What the task asks — Once you find the line with "Quilt #20 - Blue Stars" in the entries below, print it and each line after it up to and including the line with "Homem meditando na cama", exactly, without pictures.
==== Working data
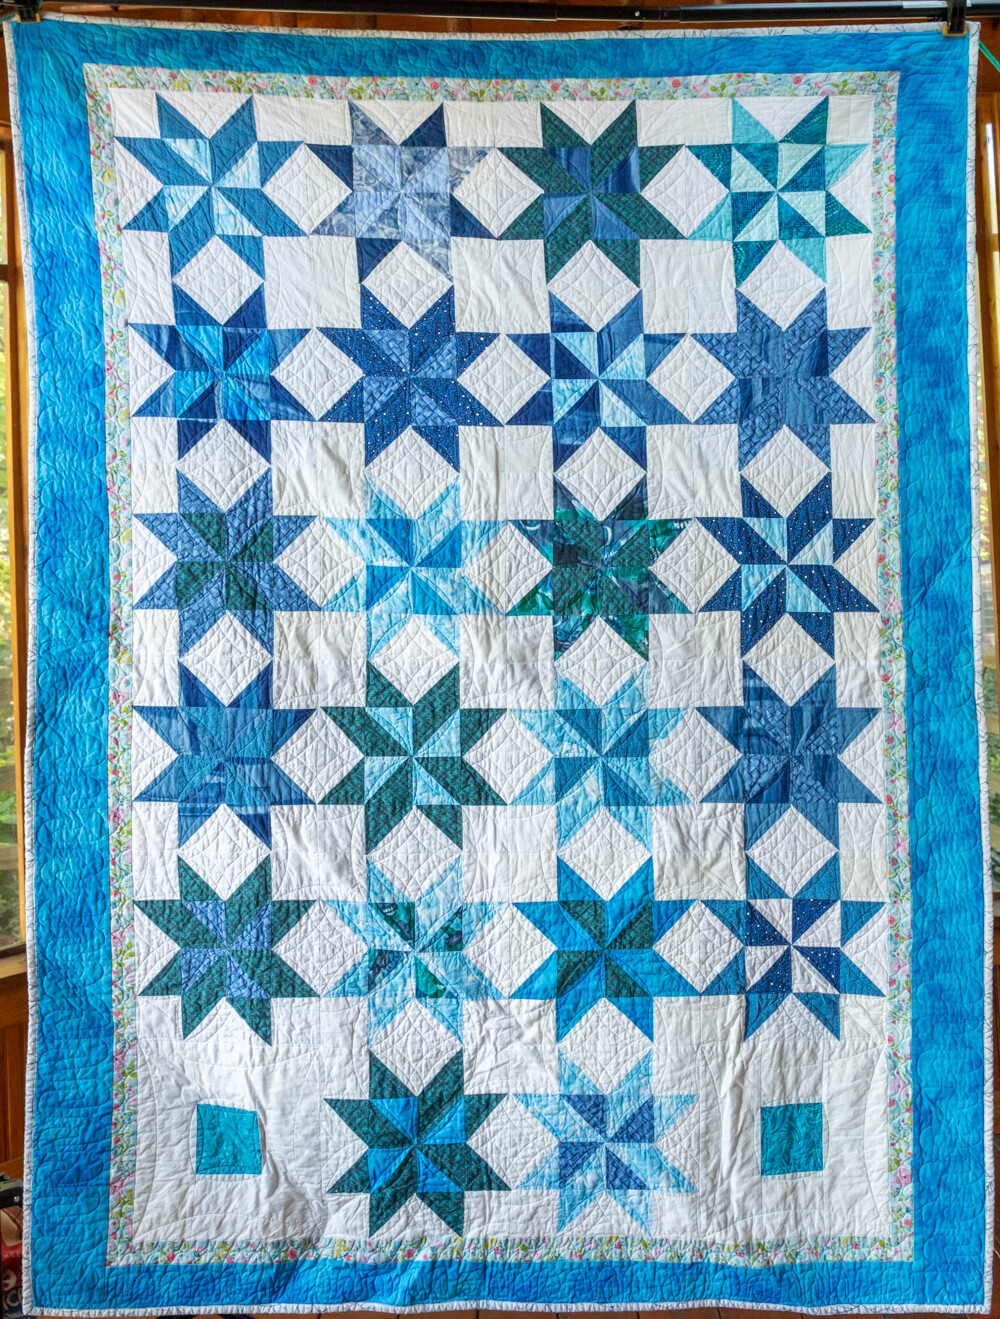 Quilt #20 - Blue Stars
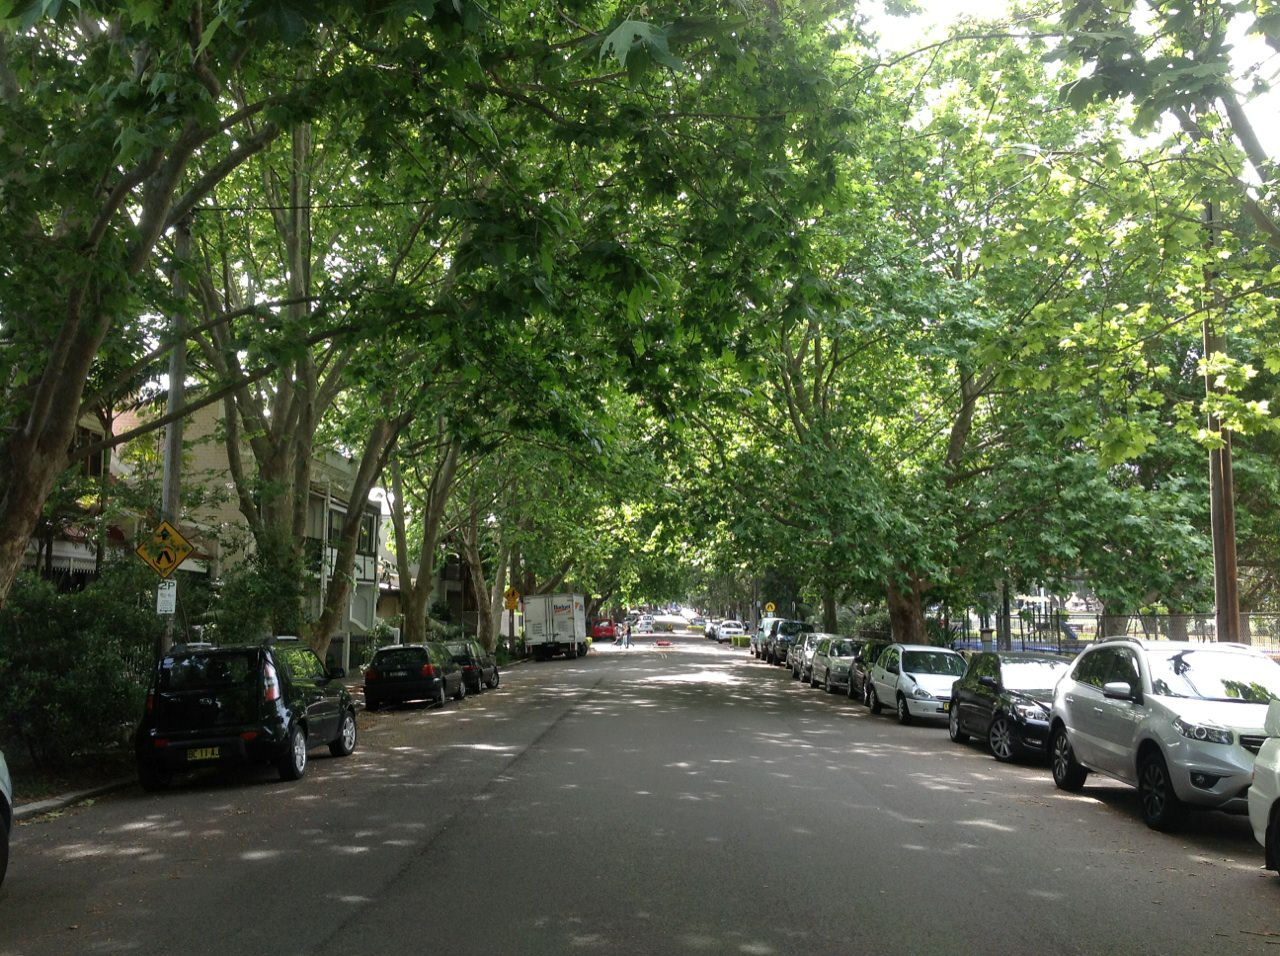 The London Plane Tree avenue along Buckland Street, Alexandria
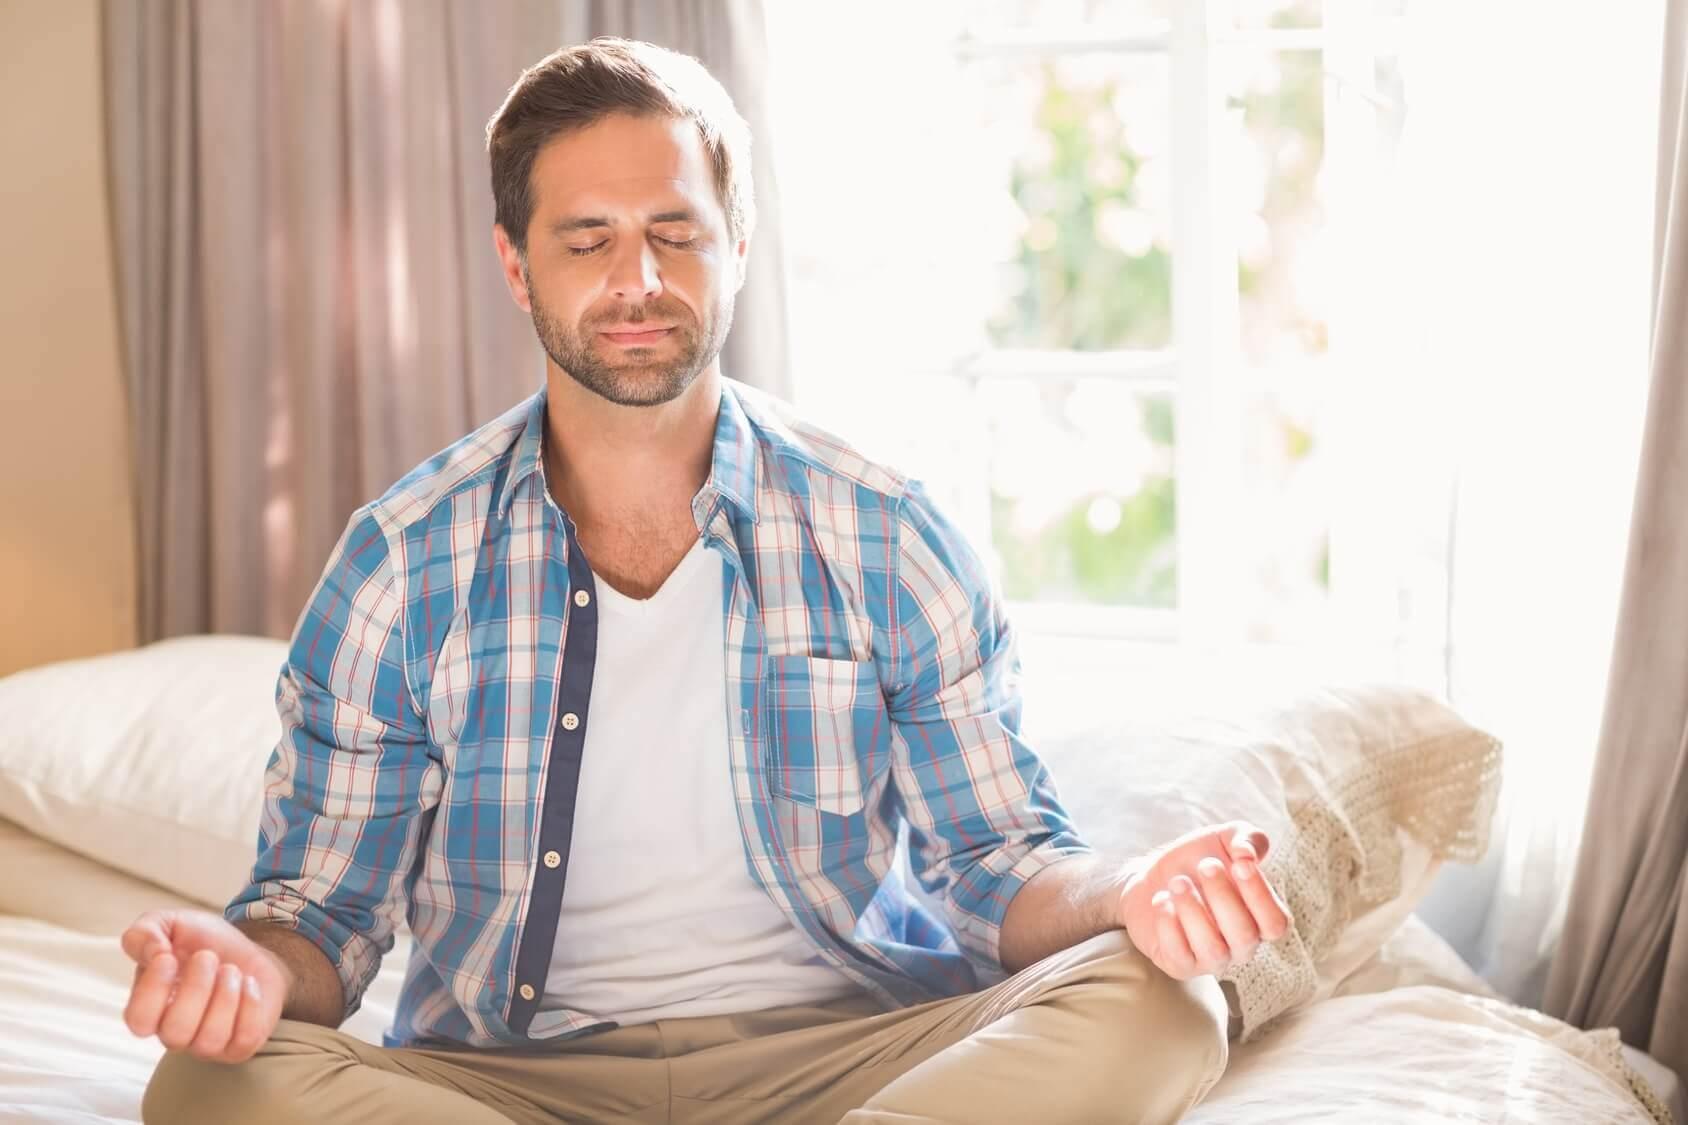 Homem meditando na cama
========
==== Working data
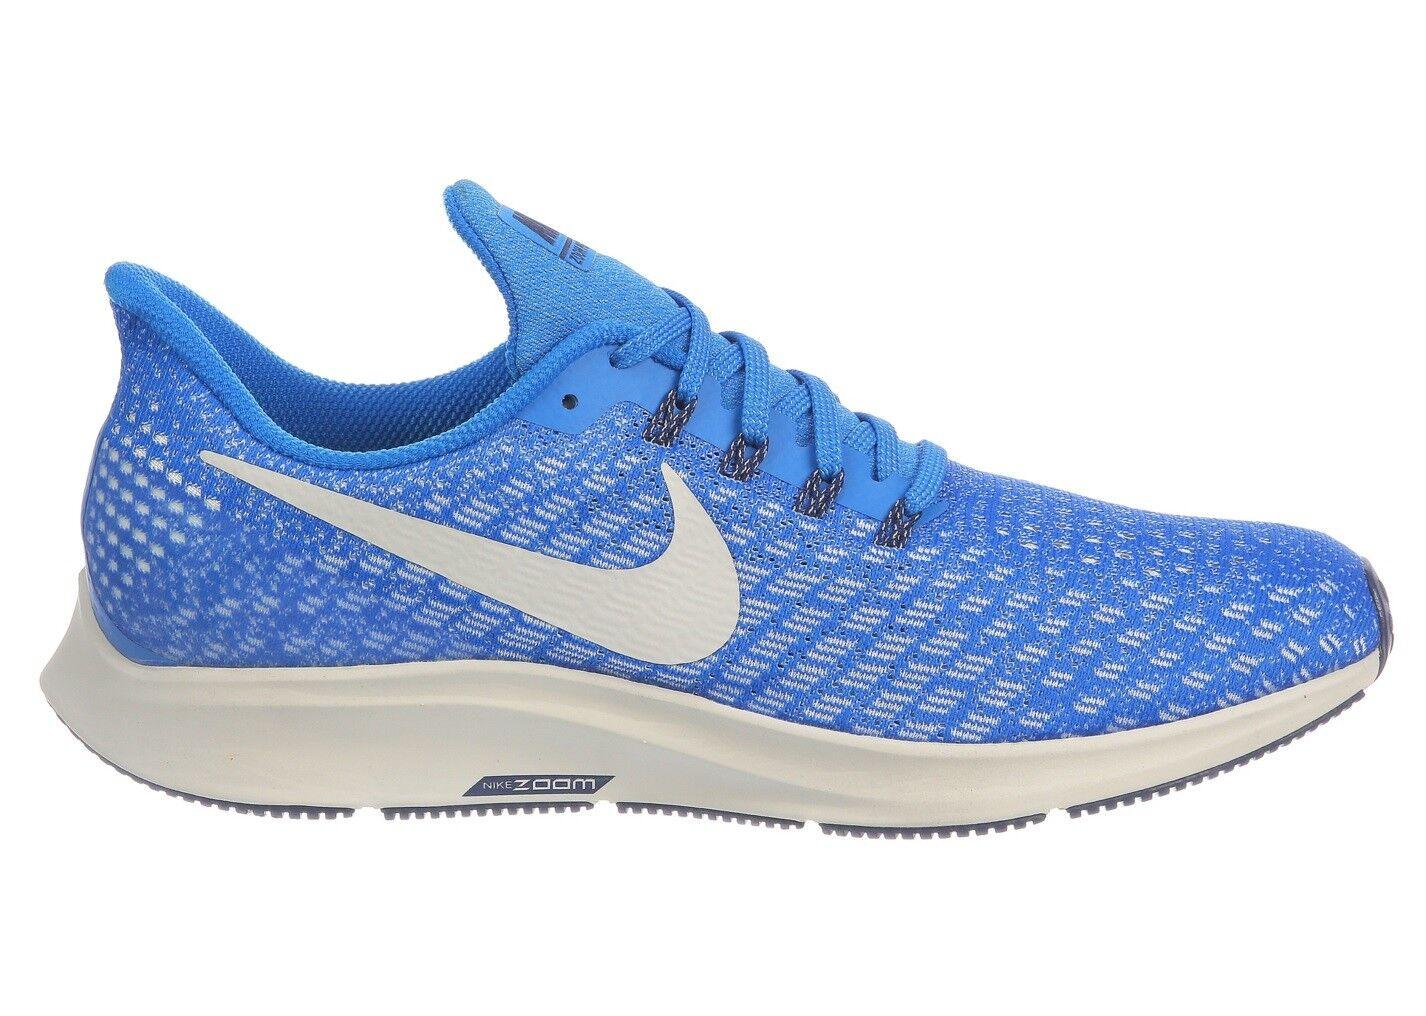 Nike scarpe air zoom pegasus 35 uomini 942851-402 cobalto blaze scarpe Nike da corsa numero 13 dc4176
========
==== Working data
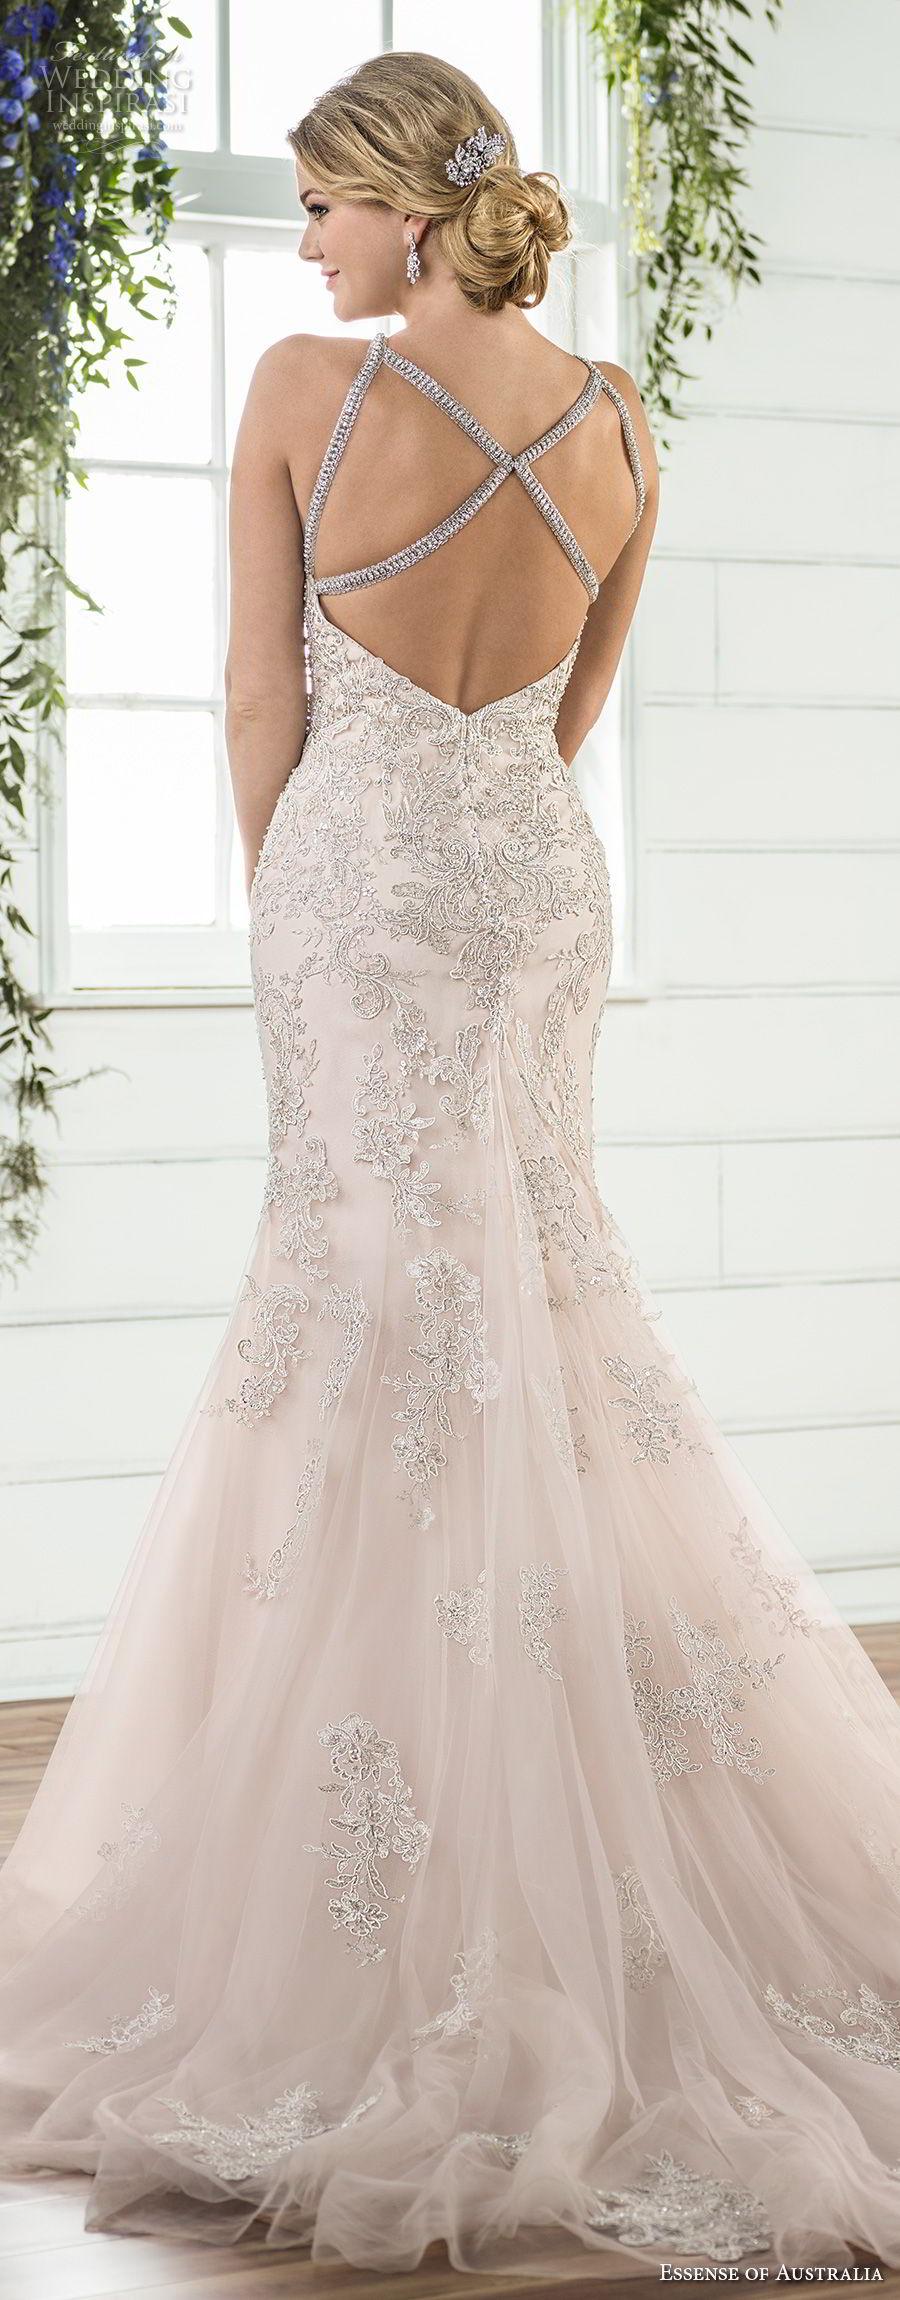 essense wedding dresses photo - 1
========
Answer box —
 Quilt #20 - Blue Stars
 The London Plane Tree avenue along Buckland Street, Alexandria
 Homem meditando na cama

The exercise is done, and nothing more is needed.